Using Paxos to Build a Scalable, Consistent, and Highly Available Datastore - systems_we_make
http://www.systemswemake.com/papers/spinnaker
======
boskone
I was posting about a similiar system around a year ago.

Ended up standardizing clusters of only 3 nodes. Initially I wrote a
Paxos+Dynamo but it was a dead end for me for our needs. I did not need a
massive data store, but a cheap highly available / scalable enterprise service
that consistently gave the same answer. e.g. an eCommerce pricing engine. 3
commodity box nodes is all you ever need. I've done over 500,000 prices per
second with ~ 9 unique way of pricing ~475,000 skus, based off the equivalent
of 100's millions of data rows.

Use IP multicast for cluster/leader election configuration. Much faster. All a
server needs configured to boot strap into the cluster is a single IP. Opted
to not use Zookeeper though it came out when I was writing my system.

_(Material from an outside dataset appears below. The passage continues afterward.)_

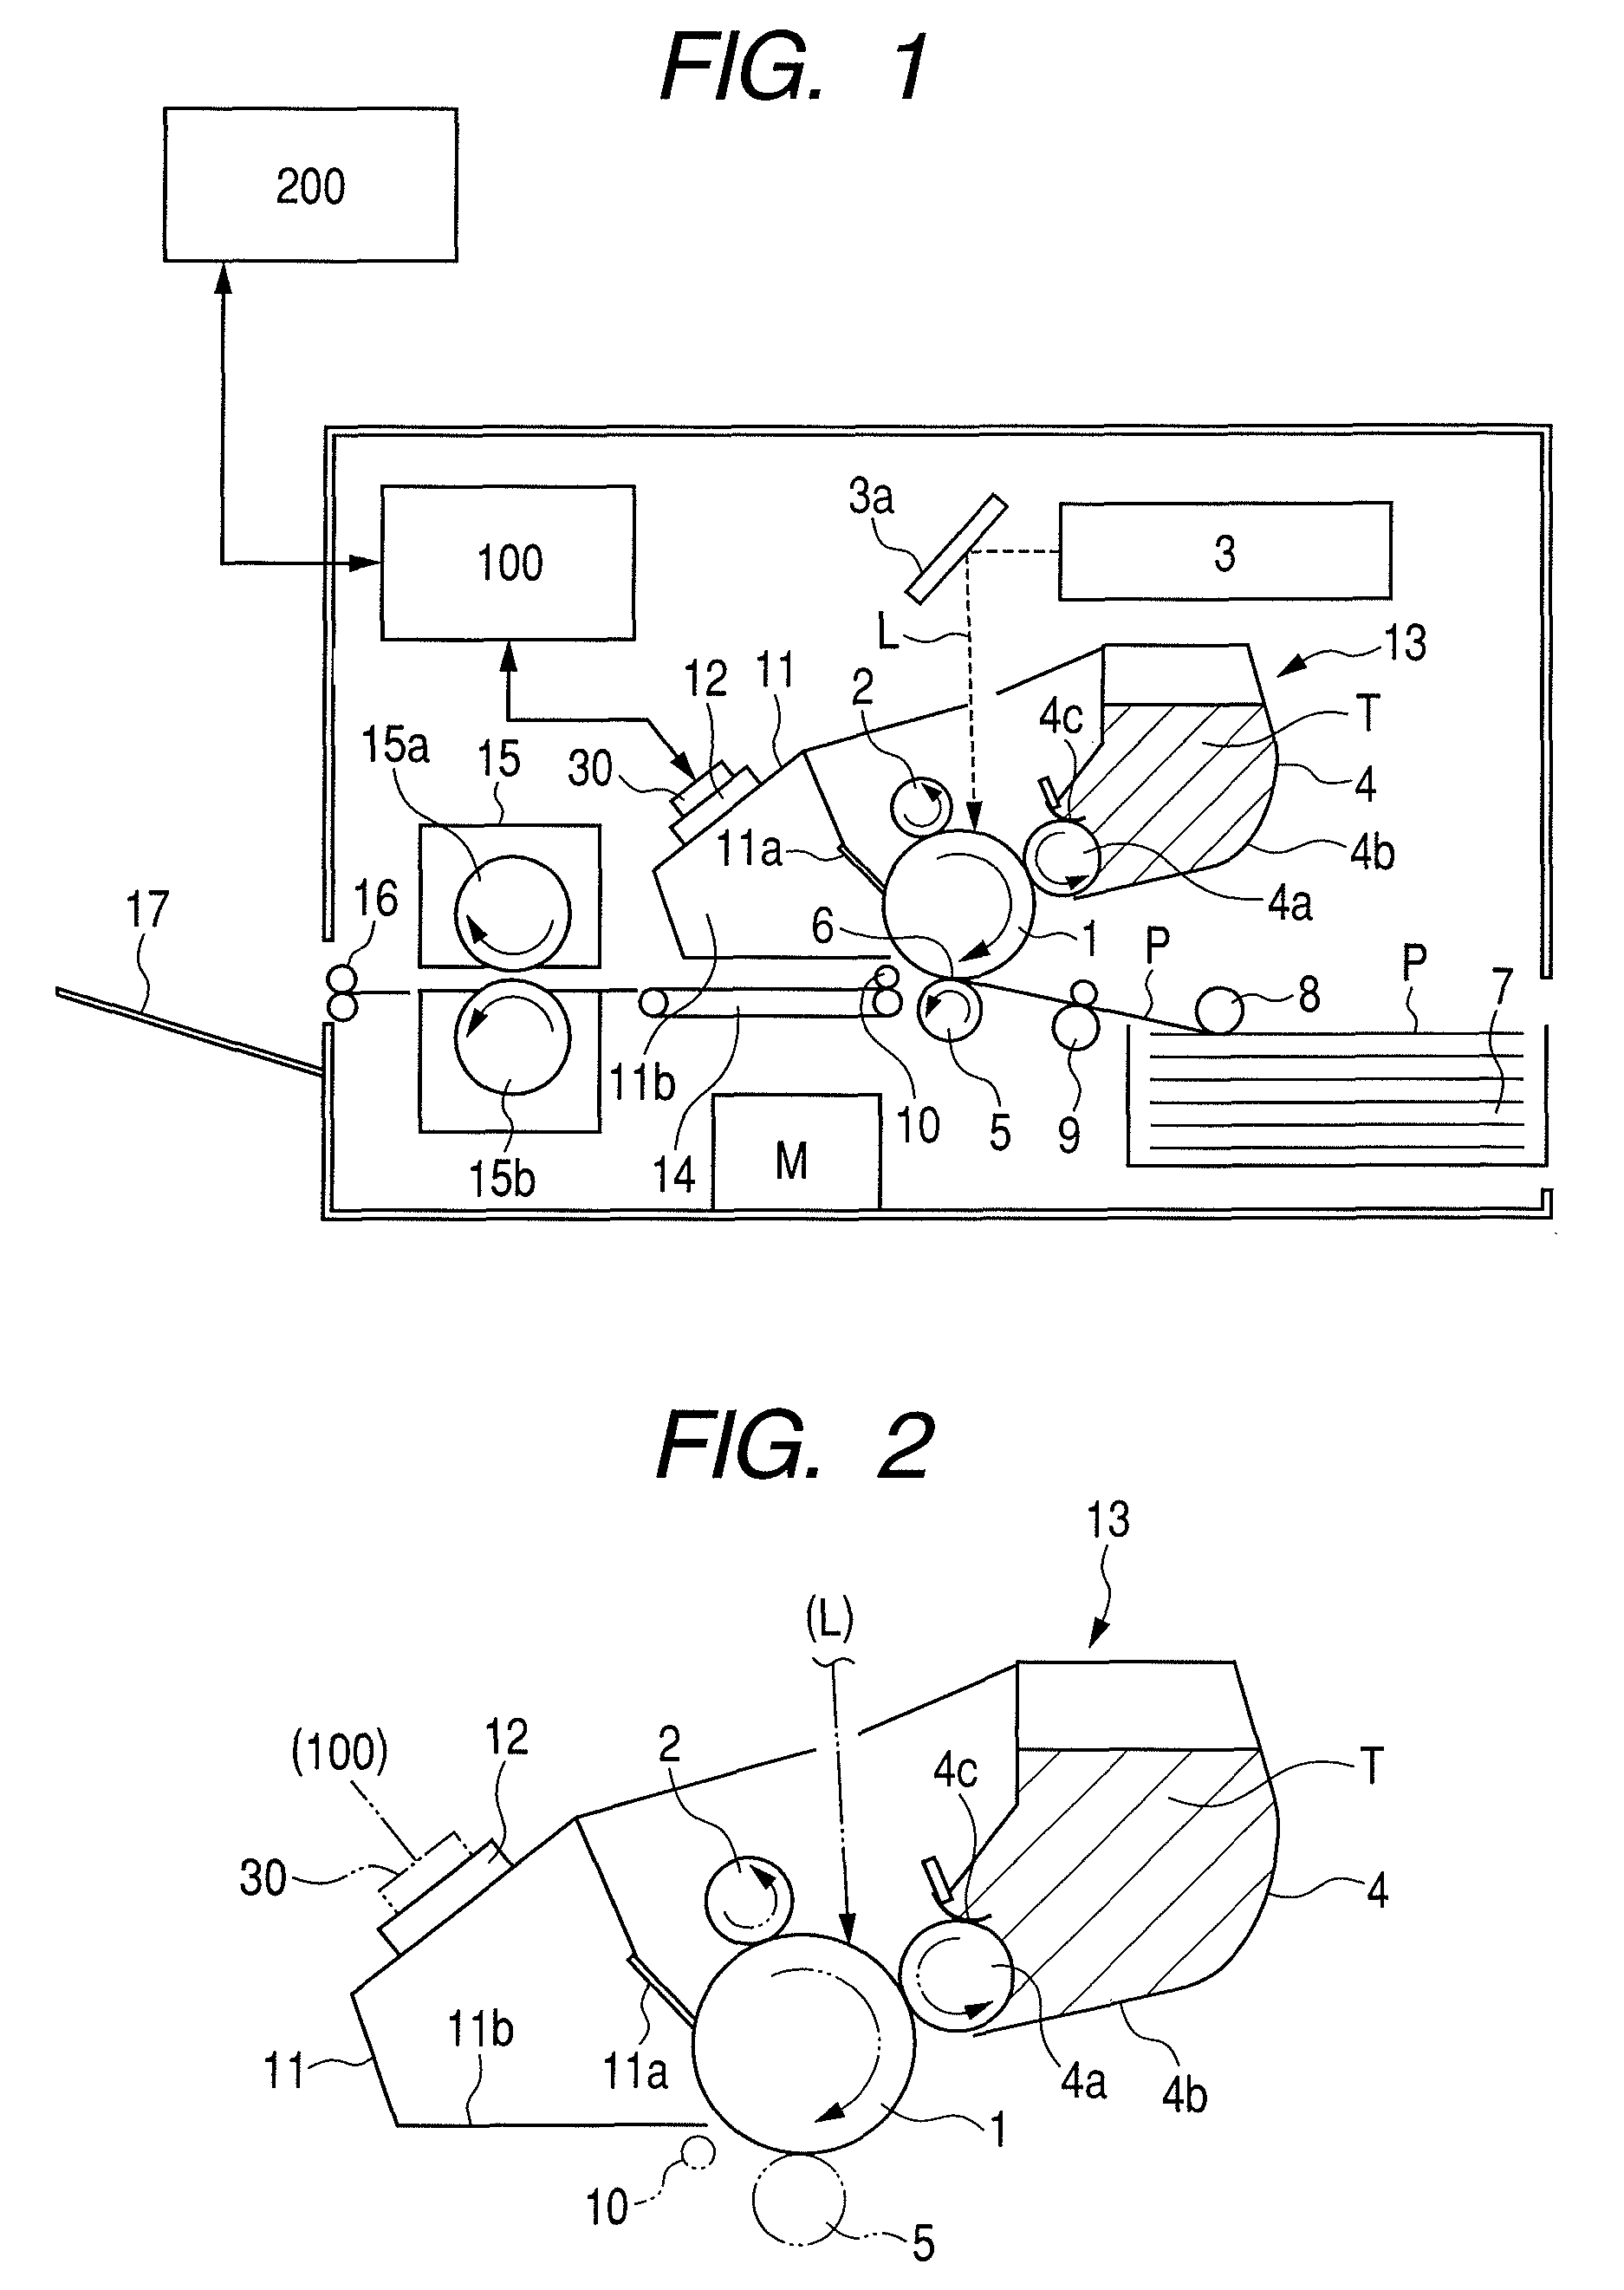 Image forming apparatus with a pre-exposure light control feature

I tried a Dynamo/Cassandra approach on the updates but abandoned it as too
slow early on. I ended up using something more like Linked-Ins Kafka for the
"log" shuttling. In Kafka parlance, one topic with 3 partitions one for each
node. Each node mirrors all three partitions but is owner of 1. One other diff
is I do push/push while Kafka a does push/pull. This makes sense as each node
is both a broker for and consumer of the other nodes.

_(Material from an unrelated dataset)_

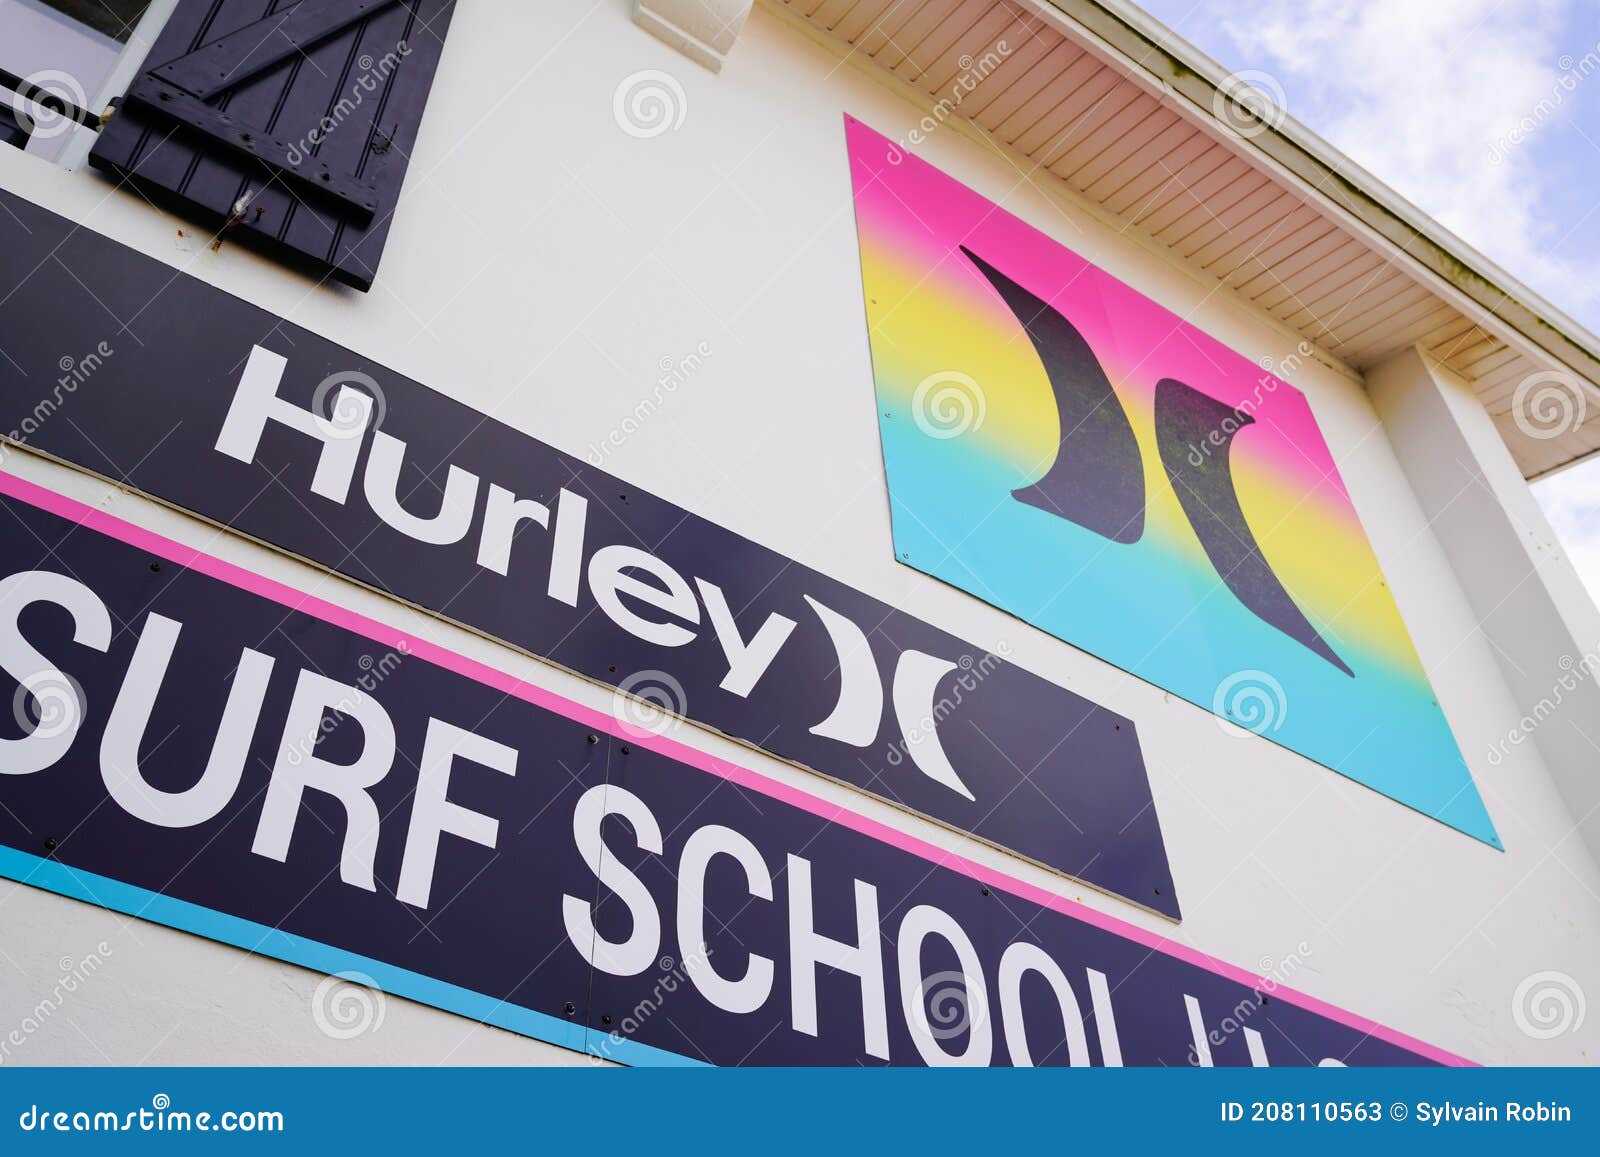 Hurley Logo Brand and Text Sign Store Front of Fashion Clothing

Node 0 writes incoming updates to partition 0 and does a 1 out of 2 push to
partition 0 on nodes 1 and 2 (third auto drops to async as we have 2 of 3
durable stores)

For update application Paxos is used to then only for consensus of the
highwater mark of message Id (the kafka offset). Analogous to Spinnaker's LSN.

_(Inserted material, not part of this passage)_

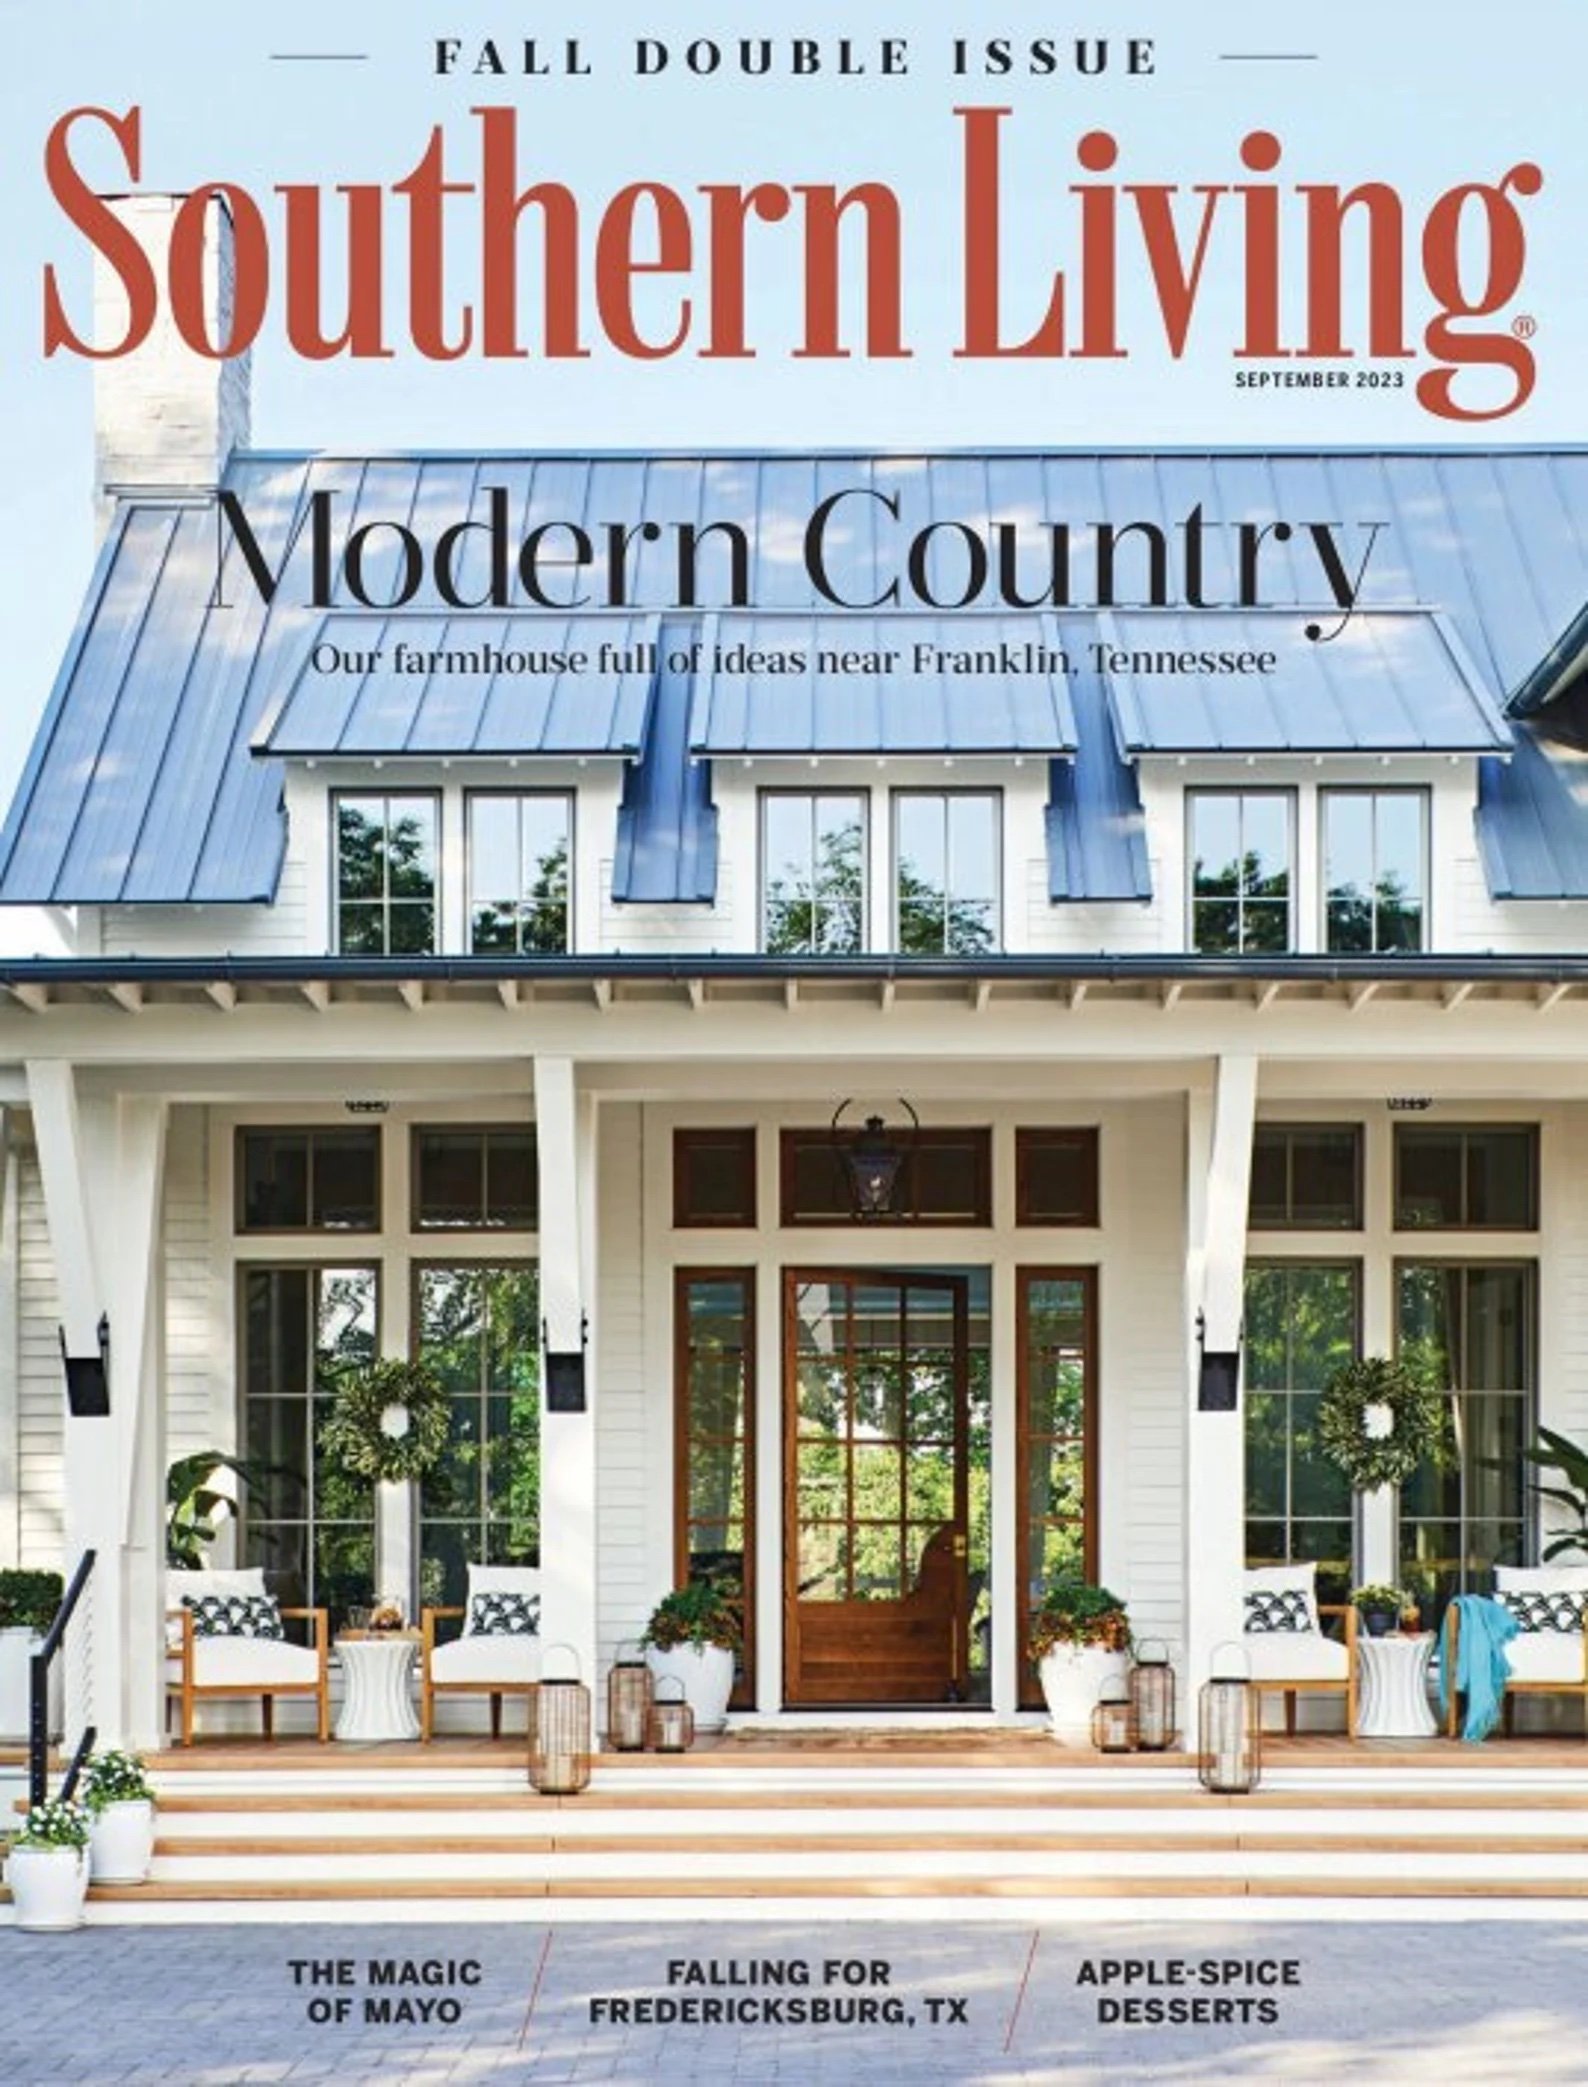 SouthernLivingIdeaHouse.jpg

Consensus updates to the message high water mark are "batch" applied by a
single thread, and only a single thread, to the in-memory store which uses a
special array based hash map (Compact Hashmap). The single thread with a
ReaderWriter lock give transactions for free with a "database lock" being
faster row locking as its all in mem. I have the equivalent of 100s millions
of rows in mem all synched between the three nodes.

One final optimization is the observation that if the overlaying application
is REST based then updates commute under PUT semantics (version with a vector
clock). For this type of application the total ordering of the application of
the updates across the nodes is relaxed as it is guaranteed to converge
(eventually consistent).

Since all update are batch applied, in mem, on a single threads with a
reader/writer lock a client always views only the converged consistent state
though each nodes path to convergence may be different.

I had looked at using a Dynamo/Cassandra like Spinnaker but after coding it
found it too slow. When I went with a log shuttling push/push similar to
LinkedIns Kafka performance of updates jumped quite nicely. I note one of the
authors works at LinkedIn.

Wrote the thing in Scala which was also sort of new at the time. But turned
out to be a good choice.